● WHAT YOU SHOULD DO:
From the entries below, retype only the lines from the one with "Khỉ đi bộ trên dây: Nếu" through the one with "XVI Ежегодное заседание", exactly as written.

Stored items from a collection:
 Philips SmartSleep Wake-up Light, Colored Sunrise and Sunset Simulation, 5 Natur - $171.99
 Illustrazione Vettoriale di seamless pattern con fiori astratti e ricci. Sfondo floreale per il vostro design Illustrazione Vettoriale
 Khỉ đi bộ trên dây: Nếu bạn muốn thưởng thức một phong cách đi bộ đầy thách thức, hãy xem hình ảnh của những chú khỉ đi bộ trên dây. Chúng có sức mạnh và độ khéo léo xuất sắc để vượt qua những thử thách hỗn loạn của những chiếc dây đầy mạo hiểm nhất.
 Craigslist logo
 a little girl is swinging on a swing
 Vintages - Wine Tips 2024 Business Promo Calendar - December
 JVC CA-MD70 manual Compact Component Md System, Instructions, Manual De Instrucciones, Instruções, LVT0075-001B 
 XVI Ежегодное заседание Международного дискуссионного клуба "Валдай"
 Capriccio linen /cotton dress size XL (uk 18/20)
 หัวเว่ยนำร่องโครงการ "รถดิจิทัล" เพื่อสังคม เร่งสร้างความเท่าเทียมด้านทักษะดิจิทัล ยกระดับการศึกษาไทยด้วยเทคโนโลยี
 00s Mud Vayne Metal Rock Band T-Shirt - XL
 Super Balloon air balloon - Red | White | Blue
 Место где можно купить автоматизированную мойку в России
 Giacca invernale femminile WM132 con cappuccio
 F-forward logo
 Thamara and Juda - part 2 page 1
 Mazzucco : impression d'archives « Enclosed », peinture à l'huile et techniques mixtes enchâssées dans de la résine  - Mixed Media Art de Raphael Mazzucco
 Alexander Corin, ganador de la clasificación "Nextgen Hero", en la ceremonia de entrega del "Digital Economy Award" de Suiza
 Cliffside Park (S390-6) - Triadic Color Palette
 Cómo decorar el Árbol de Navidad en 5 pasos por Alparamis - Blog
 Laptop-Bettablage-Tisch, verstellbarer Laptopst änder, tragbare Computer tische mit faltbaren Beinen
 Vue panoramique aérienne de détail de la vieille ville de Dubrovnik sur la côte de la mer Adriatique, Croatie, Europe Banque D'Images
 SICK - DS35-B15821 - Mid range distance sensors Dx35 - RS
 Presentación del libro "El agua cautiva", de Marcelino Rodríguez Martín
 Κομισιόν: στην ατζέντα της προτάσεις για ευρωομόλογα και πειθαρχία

● SOLUTION TO THE PROBLEM:
 Khỉ đi bộ trên dây: Nếu bạn muốn thưởng thức một phong cách đi bộ đầy thách thức, hãy xem hình ảnh của những chú khỉ đi bộ trên dây. Chúng có sức mạnh và độ khéo léo xuất sắc để vượt qua những thử thách hỗn loạn của những chiếc dây đầy mạo hiểm nhất.
 Craigslist logo
 a little girl is swinging on a swing
 Vintages - Wine Tips 2024 Business Promo Calendar - December
 JVC CA-MD70 manual Compact Component Md System, Instructions, Manual De Instrucciones, Instruções, LVT0075-001B 
 XVI Ежегодное заседание Международного дискуссионного клуба "Валдай"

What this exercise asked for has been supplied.